Germany can’t be more concerned than before. I expect that the publicity is a chip in the current trade negotiations that must be happening after Trump announced the tariffs.
If the US buys more stuff from you than you buy from them, you have excess US dollars. What happens with those US dollars? Does the US put pallets of US currency on airplanes and send them to you? No. Typically, you invest them in the US. At a minimum those dollars end up as deposits in US bank accounts in US banks.
Did you ever wonder how counties like China or Japan ended up with over a trillion dollars each worth of US treasury bills? US treasury bills are loans to the US government. Those came from trade. The US got to enjoy high quality Japanese cars and cheap Chinese goods AND the US government got to spend more money than they collected in taxes. Not a bad deal if you think about it.
If you have a trade deficit with a another country, you could reframe that as saying that the country has an investment surplus with you. Does that sound better?
Or, instead of saying that you are going to eliminate your trade deficit, you could instead say that you are going to eliminate foreign investment. Does that sound good?
One of the things you could buy off the US with your excess dollars is gold. But then the US gets to keep the money (and maybe the gold too).
Instead of investing your excess US dollars directly in the US, you could sell those US dollars to invest somewhere else of course. But all this does is move the money to somebody else who then has the same problem (excess US dollars). At the end of day, US dollars have to get spent in the US. You either buy goods from the US (trade) or invest in the US (capital). In aggregate, any trade deficit has to be balanced by a capital surplus.
I said above that you could just park your excess US money in a US bank. If you do that, the US bank will loan that money out to collect interest.

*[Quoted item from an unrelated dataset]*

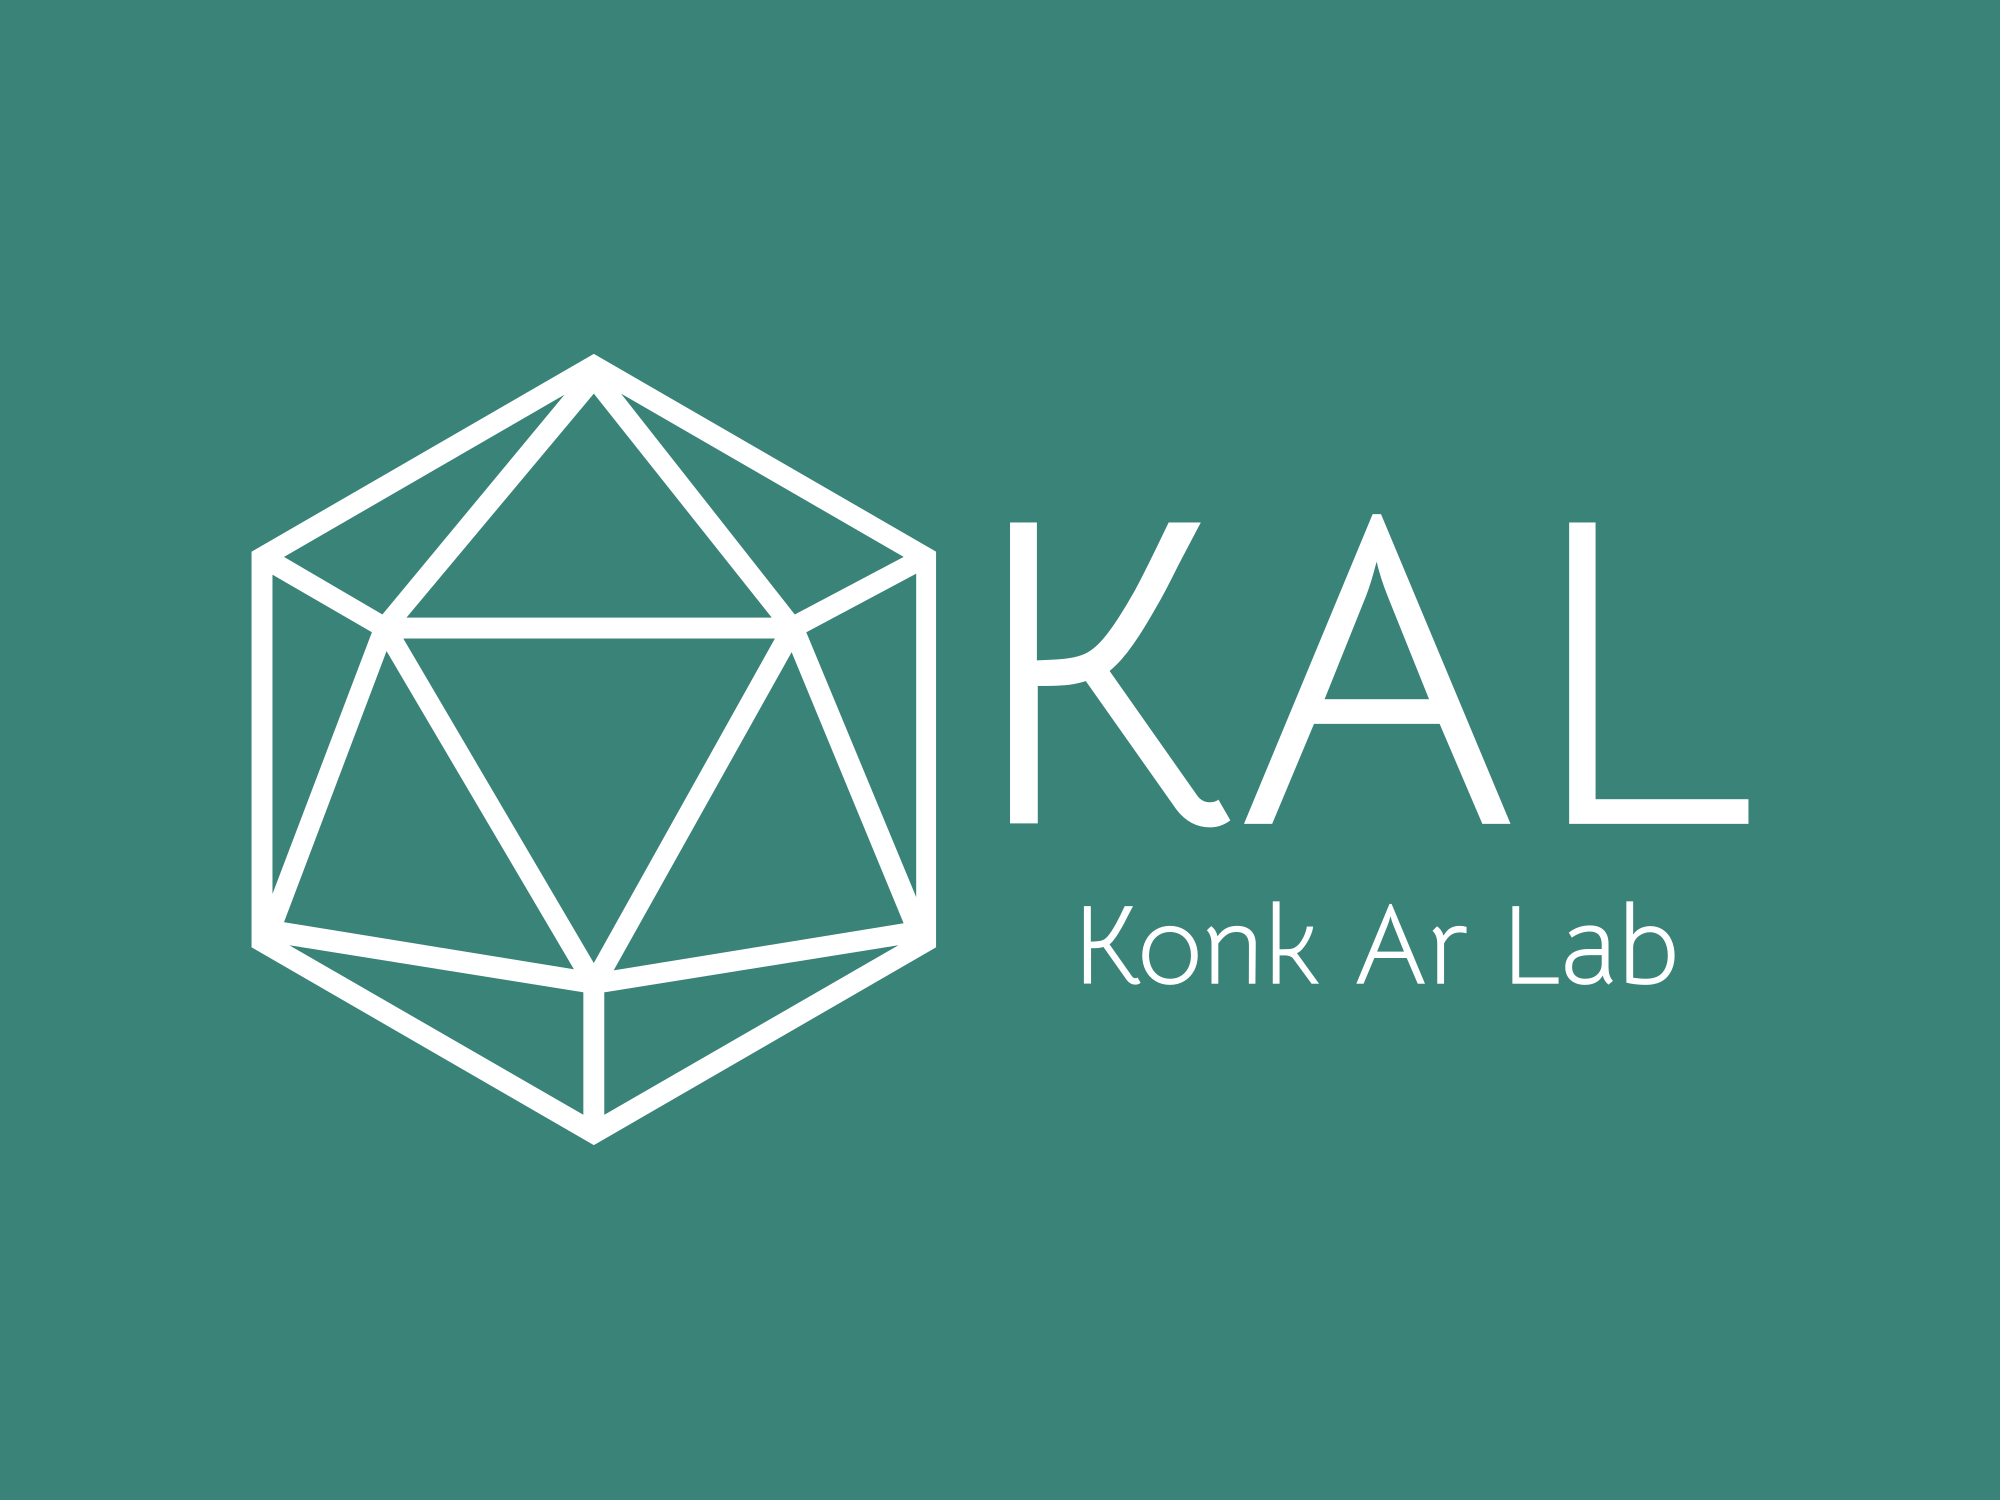 Group-Konk Ar Lab kal-high-resolution-color-logo 3 .png

Except due to how “fractional” banking works, they will loan more money than you deposit, creating big interest inflows (in US dollars), creating wealth in the US from the money the US spent buying stuff abroad. If other countries are taking out these loans, the interest payments are considered “services”. You may have heard that the US has moved from a manufacturing economy to a services economy. This is an example.
Of you could buy other “services”, like paying US “experts” for their expertise or US software companies for software or time in their “cloud”. You send the US cars and T-shirts. They send you “experts”, Microsoft Office, social media, and advertising. And if you do not buy enough experts and software, the resulting “trade deficit” ends up in a US bank account or stock market where the US financial system will use it to create US wealth out of thin air (because that is what fractional banking and stock markets do). The bugger the trade deficit, the more money there is to drive that cash fly-wheel.

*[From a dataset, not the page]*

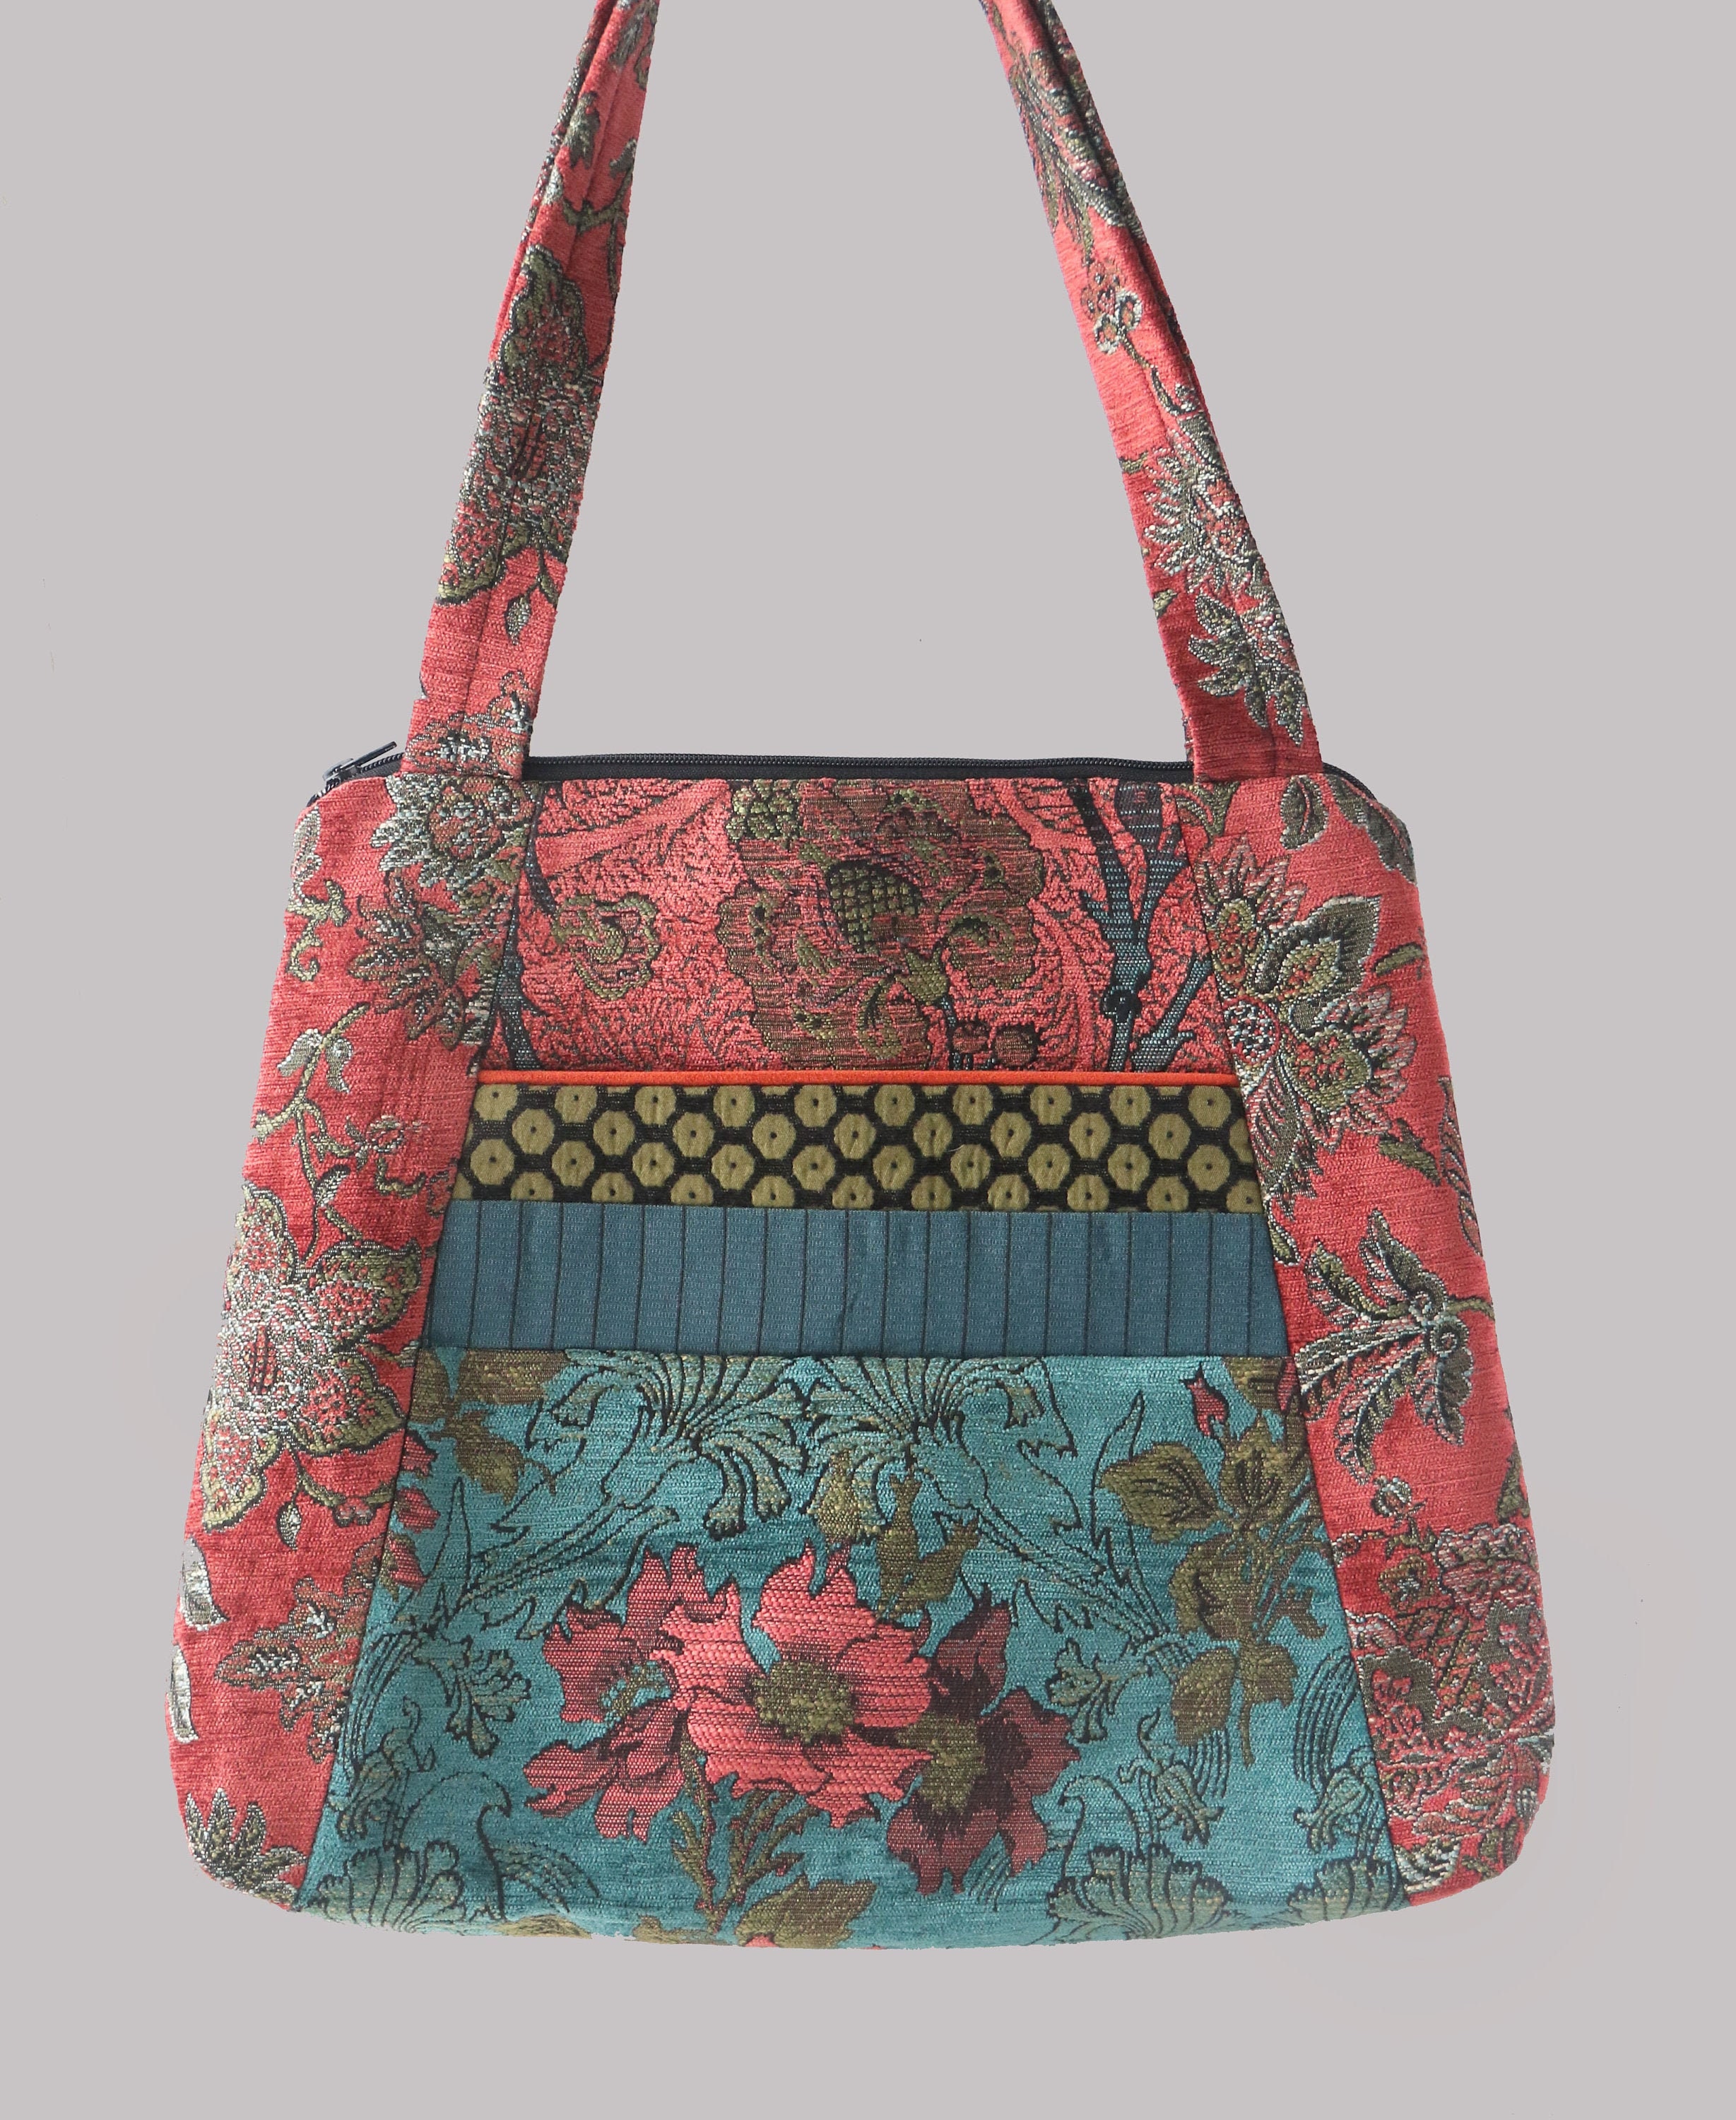 Lovely Tapestry Crochet Bag You Should Make - CrochetBeja

But what if you just bought gold? Did not putting the money in a US bank stop the fly wheel? Well, first of all, you are probably paying the US for security and some insurance company too. There are a couple more services the US gets to sell you on their “debt”. But you can bet somebody has “levereged” that gold by borrowing against it to invest. They were probably able to do that on “margin” which puts us back in that “fractional”, money from nothing system we talked about earlier. And the “money” we are talking about here of course is US dollars. What do we do with those? See above.

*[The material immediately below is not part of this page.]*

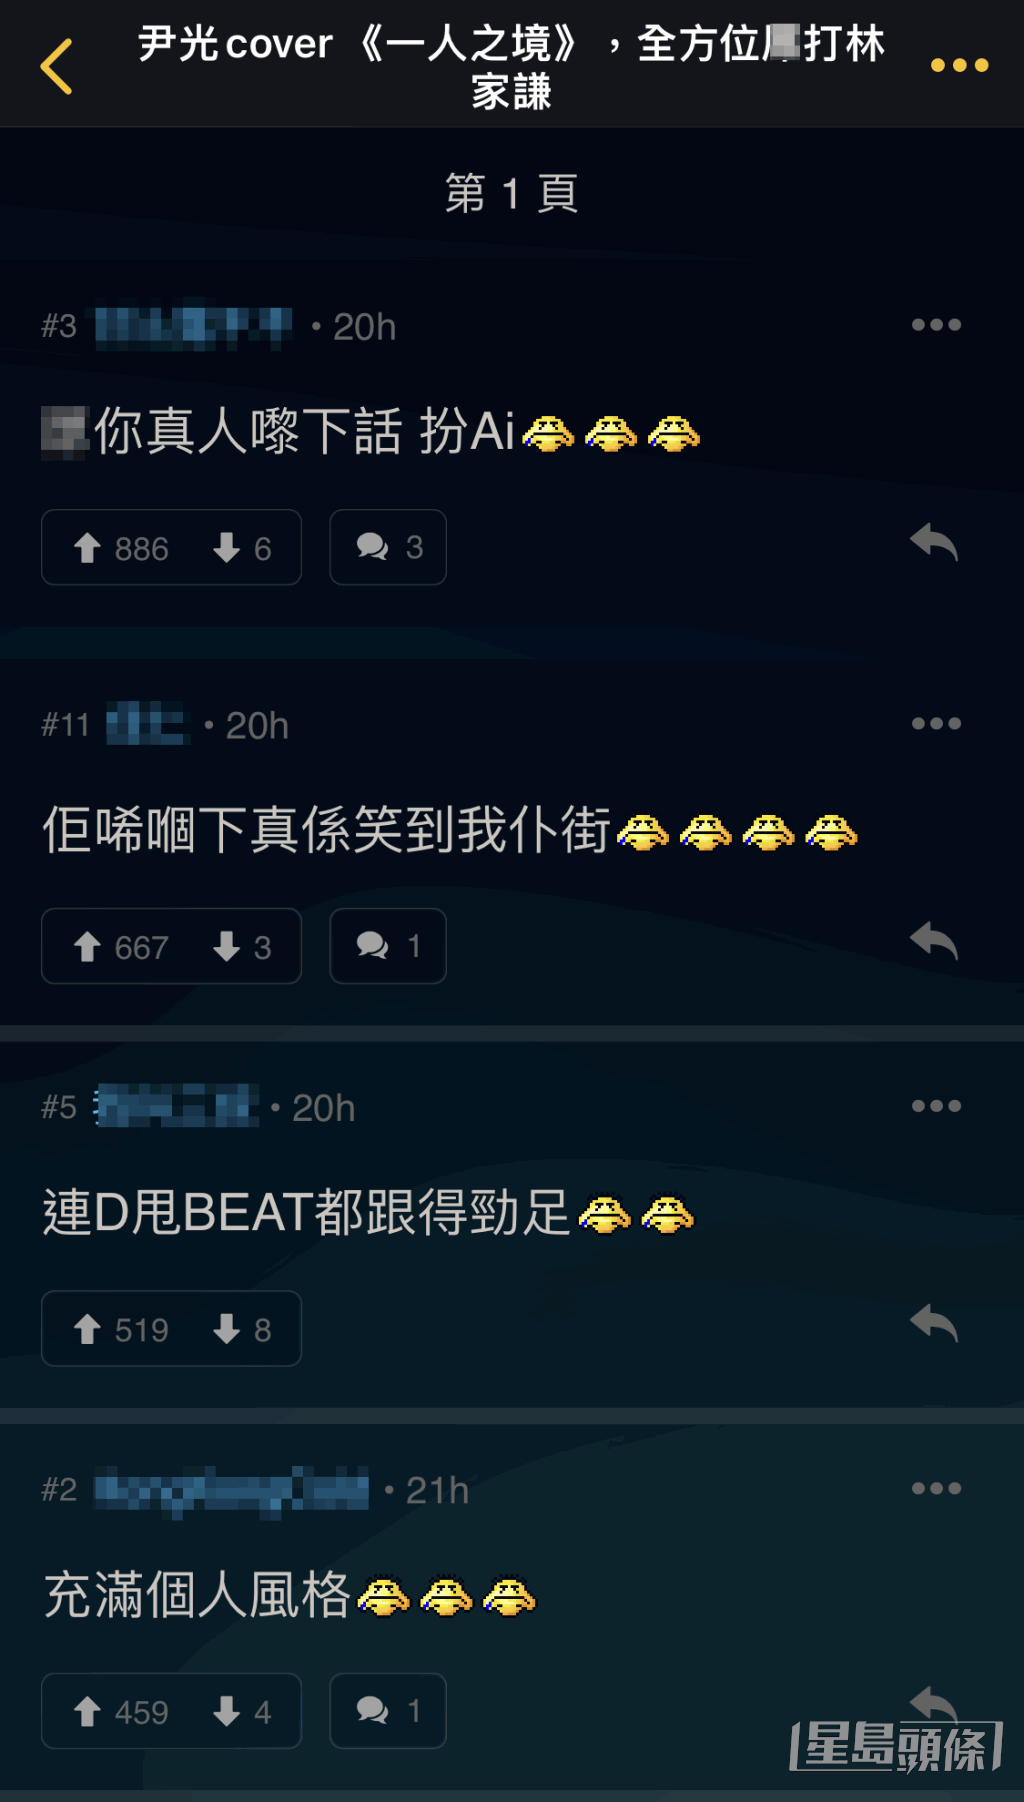 網民笑說AI尹光唱《一人之境》連甩beat都跟足。

But don’t begrudge the US the wealth they create from your investments in the US. After all, those “excess” US dollars from the original trade deficit made you rich too. Ask Norway.
Trade makes counties rich. Modern financial markets and other “services” amplify that wealth. The US is the richest country in the world. They didi not get that way by getting “ripped off” by everybody. It is too bad more people do not understand the system that has made them so rich.
That’s really interesting. So what you’re saying is, Germany sold more to the states than they bought, but the states were able to “keep” the money by marking off that Germany had so much gold.
And I guess now, Germany is concerned that the states may no longer honour that ledger.
Germany can’t be more concerned than before. I expect that the publicity is a chip in the current trade negotiations that must be happening after Trump announced the tariffs.
That is how trade works in general.
If the US buys more stuff from you than you buy from them, you have excess US dollars. What happens with those US dollars? Does the US put pallets of US currency on airplanes and send them to you? No. Typically, you invest them in the US. At a minimum those dollars end up as deposits in US bank accounts in US banks.
Did you ever wonder how counties like China or Japan ended up with over a trillion dollars each worth of US treasury bills? US treasury bills are loans to the US government. Those came from trade. The US got to enjoy high quality Japanese cars and cheap Chinese goods AND the US government got to spend more money than they collected in taxes. Not a bad deal if you think about it.
If you have a trade deficit with a another country, you could reframe that as saying that the country has an investment surplus with you. Does that sound better?
Or, instead of saying that you are going to eliminate your trade deficit, you could instead say that you are going to eliminate foreign investment. Does that sound good?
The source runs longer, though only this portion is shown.